В своей работе Бальзак не преминул воспользоваться и таким письменным источником, как воспоминания Видока в 4–х томах. Они появились после того, как он ушел в отставку в 1827 году. Выпуская эти записи, издатель Тенон рассчитывал на широкую сенсацию — признания бывшего каторжника, недавно еще всесильного шефа полиции должны были принести немалый доход. Расчет оказался точным. Не успели мемуары Видока появиться на французском языке, как их уже печатали английские газеты. «Полиция и ее клоака, Видок и его сыщики. Сансон и его ужасная машина… — писал Бальзак, — все было поглощено». К рукописи мемуаров приложили руку бойкие журналисты, привлеченные издателем. В том числе и некий Леритье де Леном, сомнительной репутации литератор, позже анонимно выпустивший вместе с Бальзаком «Записки палача» — книгу о кровавой династии французских палачей Сансонов, четыреста лет исполнявших свои обязанности, и об одном из ее последних представителей — Анри Сансоне, казнившем Людовика XVI.
Вскоре появляются подложные мемуары, подписанные именем Видока.
*
Оказавшись не у дел, Видок удаляется в Сен–Манде. Но не для того, чтобы коротать дни на лоне природы. Он задумывает и осуществляет новое превращение: становится предпринимателем, создает в Сен–Манде бумажную фабрику. Для него так же, как и для бальзаковского Давида Сешара, мечтавшего открыть дешевый состав бумаги, это была эпоха поисков более совершенных методов производства, говоря словами Бальзака, эпоха страданий изобретателя.
Некоторое время спустя Видок учреждает первое в мире частное сыскное бюро.

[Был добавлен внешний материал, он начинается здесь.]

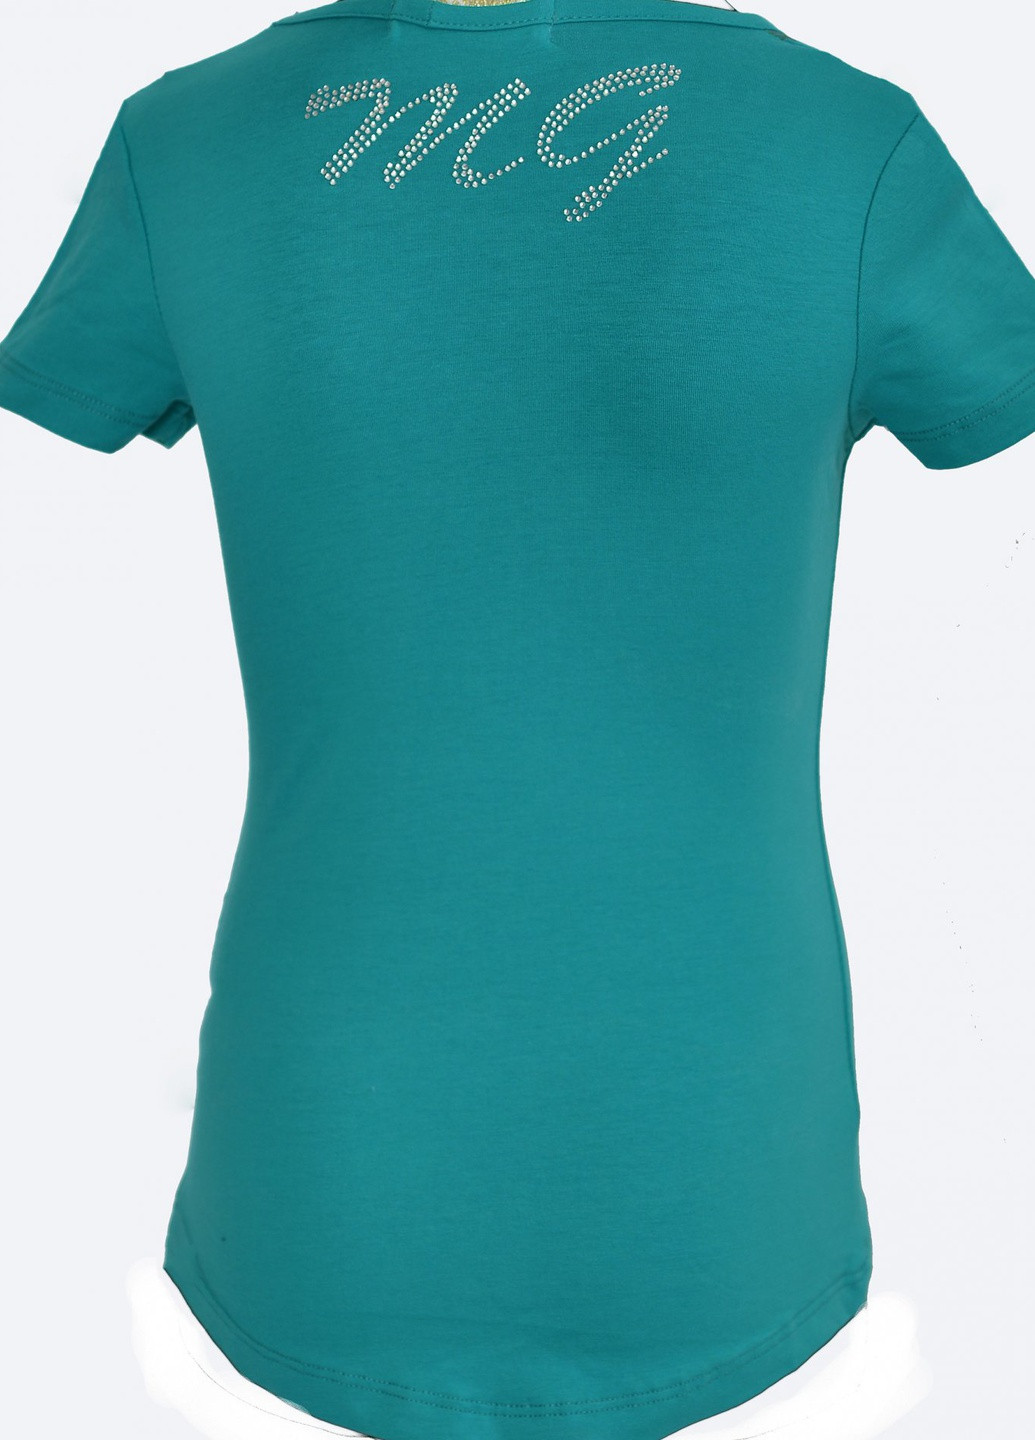 Зелена футболки футболка на дівчаток (101)11855-736 Lemanta

Он умеет хранить тайны, но умеет и разгадывать их. И вот уже деятельность его бюро распространяется не только на Францию, у него появляются информаторы и за границей. Четыре тысячи богатых клиентов пользуются его услугами. И снова Видок проникает в чужие тайны, раскрывает секреты. Он успешно конкурирует с официальной полицией, что пришлось ей, естественно, не по вкусу. Против Видока возбуждают один, потом второй процессы. Но победить его так и не удалось. В конце концов, устав от войны со столь опытным противником, полиция примиряется с ним.

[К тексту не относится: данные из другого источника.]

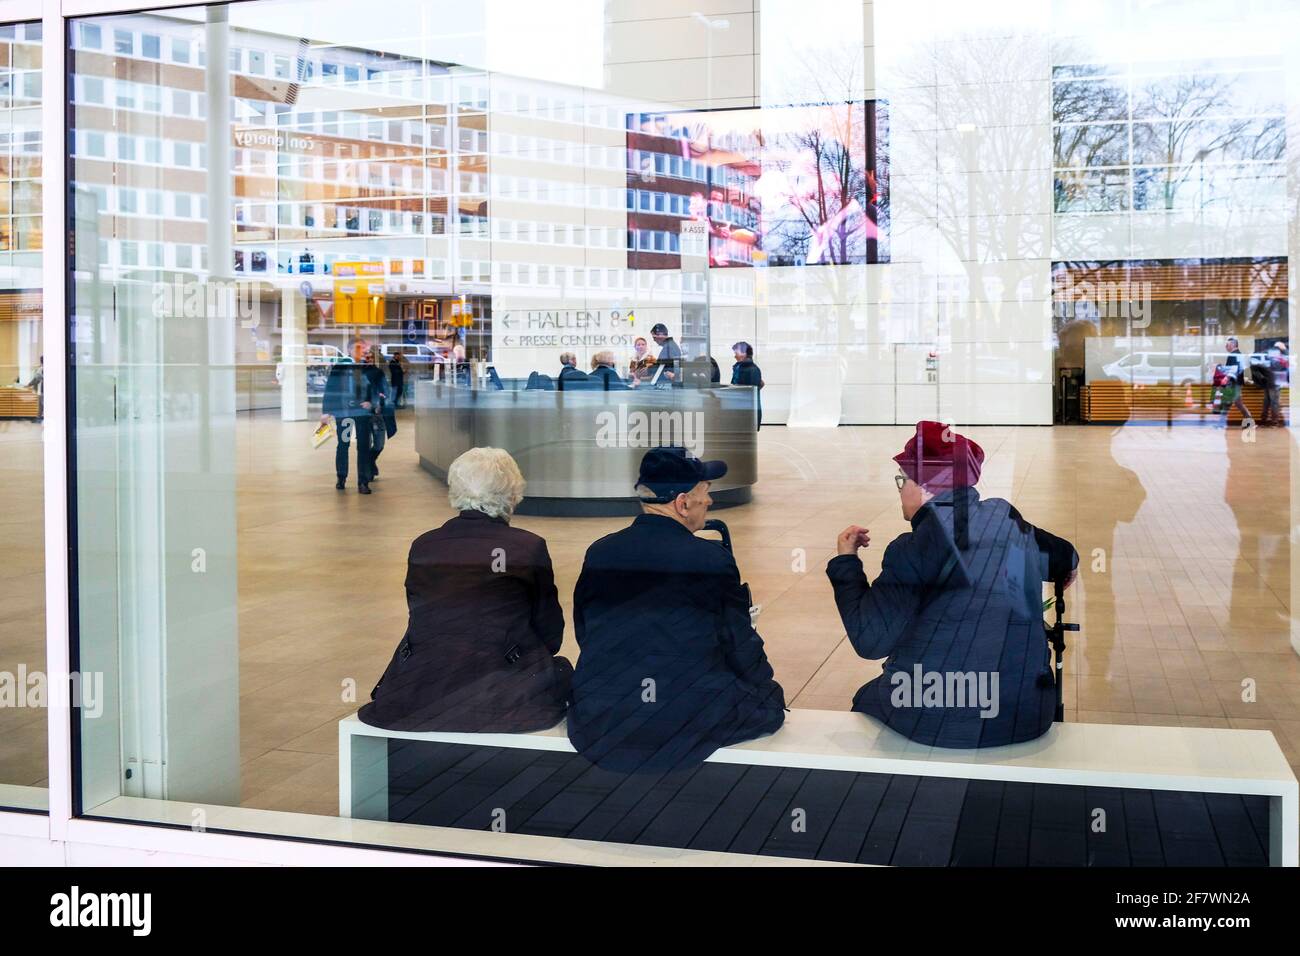 27.02.2020, Essen, Nordrhein-Westfalen, Deutschland - aeltere Messebesucher auf einer Bank in der neuen Eingangshalle Ost der Messe Essen waehrend der Stock Photo

В жизни ему приходилось выступать под разными именами: де Сент–Эстев, де Сен–Жюльен, Сен–Шарль и Лоран, Жан Луи и господин Жюль — были его масками, его называли Мек, что на воровском жаргоне значит «Хозяин». Теперь он известен просто как «папаша с улицы Галери Вивьен». Это его последняя кличка.
О нем вспоминают главным образом тогда, когда надо оказать услугу трону, выполнить тонкое и трудное дипломатическое поручение за границей, получить совет по делам полиции. Тем временем он ведет полусветскую жизнь, и его черный сюртук с пустым рукавом правой руки, ампутированной после тяжелого перелома, часто мелькает в парижских гостиных. И всюду он желанный гость, ибо охотно рассказывает о своих приключениях. В его друзьях числились герцоги и графы, министры и политические деятели, с ним водили знакомство писатели Оноре де Бальзак и Виктор Гюго, Александр Дюма и Леон Гозлан, Эжен Сю и Фредерик Сулье, Ламартин и Альфонс Kapp. И многие из них, подобно Бальзаку, черпали из этого источника.
В. Гюго использовал некоторые реальные факты биографии Видока в романе «Отверженные». Он знал, что каторжников создает каторга. И тихий подрезальщик деревьев Жан Вальжан, попав за кражу каравая хлеба на галеры, превращается в номер 24601 — грозного каторжника, гонимого, по словам Герцена, целым гончим обществом. На упреки в том, что он слишком, мол, жестоко обошелся со своим героем, сослав его на галеры, В. Гюго отвечал: «Закон всегда смотрел косо на голод». И брался доказать фактами, почерпнутыми из судебных реестров, что нисколько не сгустил красок в судьбе Жана Вальжана. Он мог бы вспомнить, в числе прочих, случай с крестьянином Севастьяном Буателем, решившемся из‑за голода на отчаянный шаг так же, как и рабочий Клод Ге, процесс которого Гюго переработал в повесть; мог бы напомнить и историю Видока, когда мера наказания так же не соответствовала проступку. «Да, всех не перечтешь!» — восклицал Гюго. Свои университеты Жан Вальжан проходит в одно и то же время с Видоком. Герой Гюго обладает исключительной силой, за что его называют Жан Домкрат. Иначе разве он мог бы приподнять на спине телегу с поклажей, чтобы спасти жизнь старика Фошлевана. Когда‑то Франсуа Видок вот так же, словно домкратом, поднял воз с бумагой. Монахиню, которая способствовала побегу Видока с каторги, В. Гюго назвал сестрой Симплицией, и она в свою очередь помогла скрыться Жану Вальжану.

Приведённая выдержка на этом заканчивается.